Infant brain development research takes a village. The Infancy Studies Lab, at Rutgers University - Newark, is a village of passionate researchers with over 60 years of combined experience working with children and infants. While sleep is a fairly new area of research for our lab, it is a logical next step for understanding how the speech and language related research we do can be influenced and even enhanced by sleep. Our lab director, Dr. April Ann Benasich, has an extensive biography.

Sue Peters

As a first year student in the Behavioral Neural Sciences PhD program at the Center for Molecular and Behavioral Neuroscience, I helped to introduce the first human cognitive neuroscience sleep research at the center, in a computational cognitive neuroscience learning and memory research lab. Using my background as a co-founder of a public mobile computing company, BrainDock, I co-wrote a successful proposal to the NSF Smart and Connected Health program. I co-facilitated the launch of this new area of research: "Long-term Mobile Monitoring and Analysis of Sleep-Cognition Relationship", which has led to novel findings of the trait-like aspects of sleep stages (REM and NonREM) with learning and emotion (in press).
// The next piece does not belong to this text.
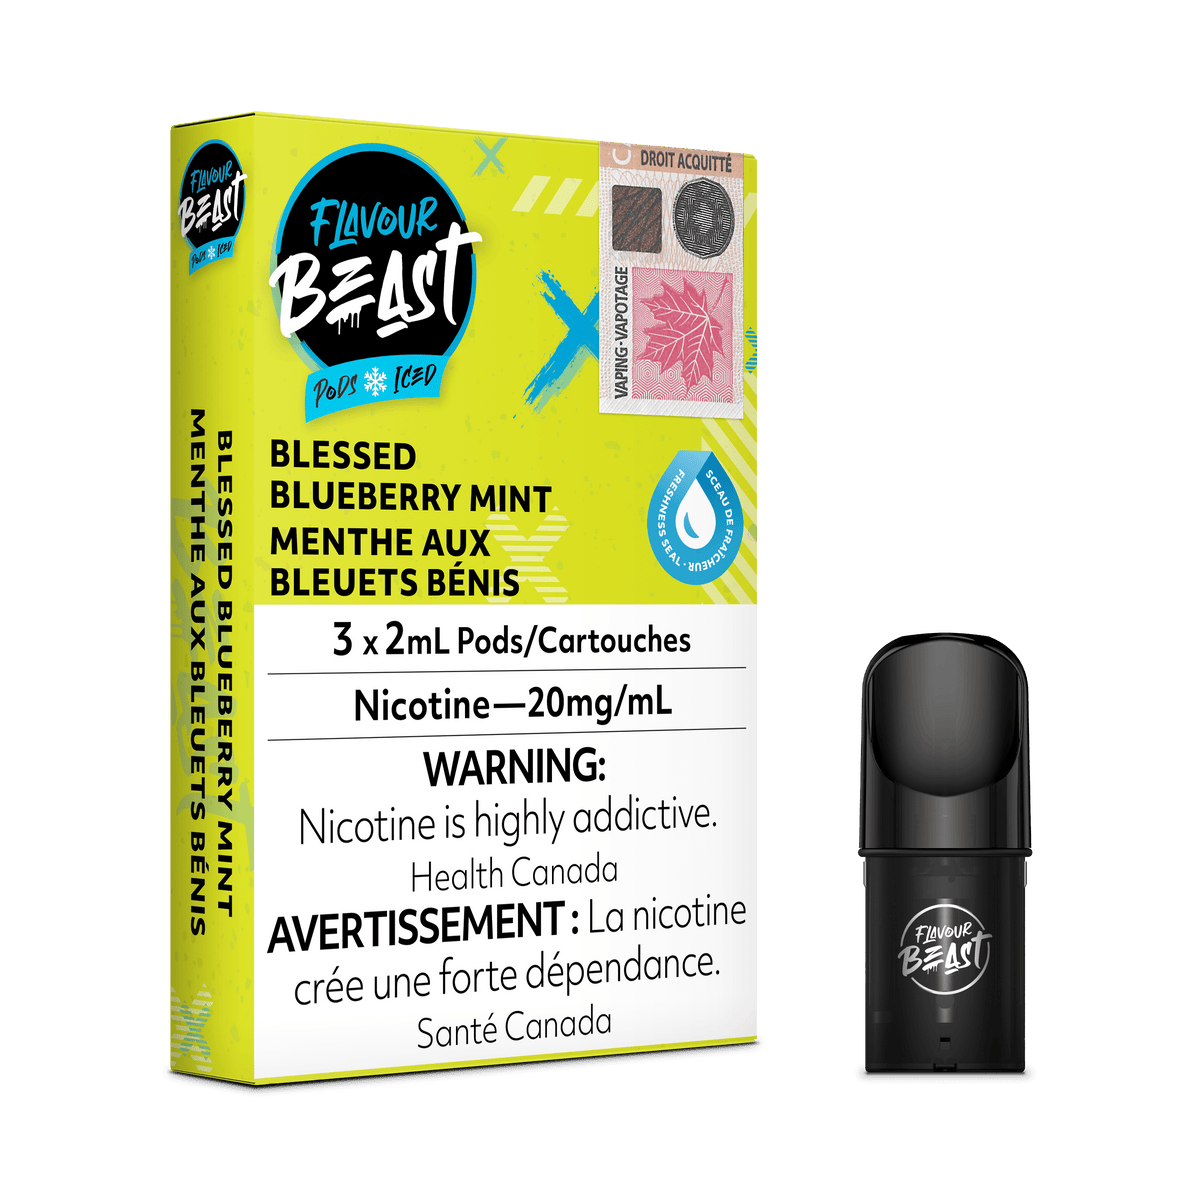 Flavour Beast Vape Pod - Blessed Blueberry Mint Iced available on Canada online vape shop

In 2012, I joined the Infancy Studies Laboratory, to learn dense EEG (dEEG) analysis skills with application to spontaneous wake brain activity of infants. For my thesis work, I initiated a new area of research in this lab, with a pilot study of infant daytime sleep. This work has led to my passion for understanding sleep microstructure and infant brain development, as it relates to information integration, emotional and cognitive development, and the development and prevention of psychiatric disorders. As an undergraduate student of biomedical engineering and computer science, I have the technical foundation required for work in scientific computing and digital signal processing. I continue to learn new dEEG analysis techniques that are used in adult research, and apply them to infant brain activity. These projects have been presented at various sleep, neuroscience, and learning and memory conferences, and are the foundation toward my long-term goals of combining lab-based research with more ethological monitoring tools, taking advantage of mobile health technologies and citizen science to help us to better understand developmental brain health, and provide mechanisms and interventions which will empower individuals to have a better quality of life.

Additional Information

Two scientific posters, with more detailed background and hypotheses, and in which relevant pilot data in the 3 and 6 month age groups have been presented, are available for viewing here.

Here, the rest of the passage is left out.